New clause 32, new schedule 1 and associated amendments will narrow the broad power currently in the Bill and instead include provisions for similar rights to be extended to agency workers. Hirers, agencies and agency workers can then be clear where responsibilities will rest in relation to the new rights. These amendments reflect the call for clarity from stakeholders in their response to the Government’s public consultation on this issue. Given the important role that agency work plays in businesses and public services, we recognise the need to work with the recruitment sector, employers and trade unions to design detailed provisions for regulations that work—that is, regulations that achieve the policy objective of extending rights to agency workers without unintended consequences for employment agencies and hirers—and we will work on that in due course.
The Government have also tabled amendments in relation to dismissal and redundancy practices. This Bill will help employers to raise standards in relation to these practices, so that the vast majority of businesses that do the right thing by their workers will no longer be undercut by those with low standards.
Order. Before I call the Chair of the Business and Trade Select Committee, I want to make clear that I will then call Steve Darling, the Liberal Democrat spokesperson. Immediately after Mr Darling, there will be a six-minute time limit. I call Liam Byrne.
Thank you very much indeed, Madam Deputy Speaker. I am going to be very brief—I will just make three quick points—and will do my best to salvage a degree of consensus from the conflict that has characterised this debate at its outset.
If there are a couple of things that unite us across this House, it is that we all believe in fair play, and we all believe in an honest day’s pay for an honest day’s work. However, the reality is that millions of workers in this country are simply not earning their fair share of the wealth that we produce together. If labour income were the same share of national income as it was back in the 1950s, something like £12,000 a year would go into the pay packets of every single one of the 33.8 million workers in this country.
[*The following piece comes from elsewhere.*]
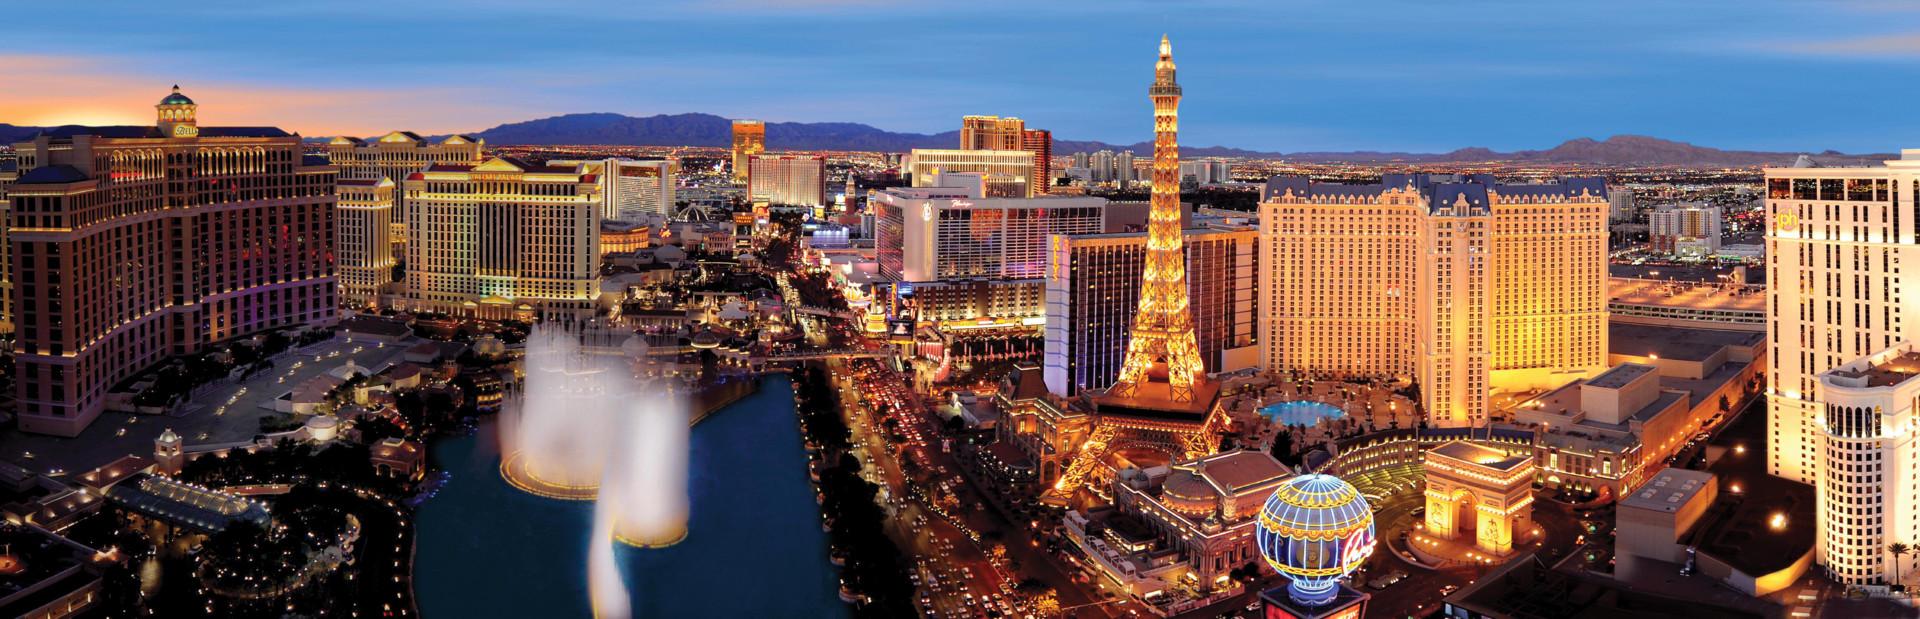 Best casino deals in las vegas 25 casanova casino free jackpots spin

As such, following a decade that has seen 4 million people trapped in low pay and during which we have had a living standards crisis, it behoves each and every one of us to think more creatively and constructively about how we support workers in this economy to earn a good life for them and their family.
We on the Business and Trade Committee have the privilege of hearing from some of the best employers in the country, but we also have the duty of interrogating many firms that, frankly, have been letting down our country. I will highlight three examples, in order to illustrate some of the amendments that have been tabled in my name and in the names of other right hon. and hon. Members. They are not amendments that I wish to press to a Division; they are probing amendments, on which I think the Minister needs to provide the House with some answers.
I will start with McDonald’s, which I referenced in an earlier intervention. It is one of the most significant employers in our country, employing over 200,000 people. Some 90% of McDonald’s workers are on zero-hours contracts. On the day of our hearing, a BBC investigation by Zoe Conway, its employment correspondent, exposed the reality that hundreds of McDonald’s employees were contacting the BBC and the EHRC with allegations of the most appalling harassment. We heard about the case of a 17-year-old McDonald’s worker who alleged that she was being asked for sex in return for a manager giving her the shifts that she wanted—how on earth can that be acceptable in today’s economy? Yet when we put that point to the chief executive of McDonald’s and asked, “Do you think that the imbalance of power that has flourished in McDonald’s because 90% of your workers are on zero-hours contracts has anything to do with this litany of abuse, or with 700 workers contacting their solicitors to bring a case against McDonald’s?”, the answer was no. It was an absolutely extraordinary denial of reality.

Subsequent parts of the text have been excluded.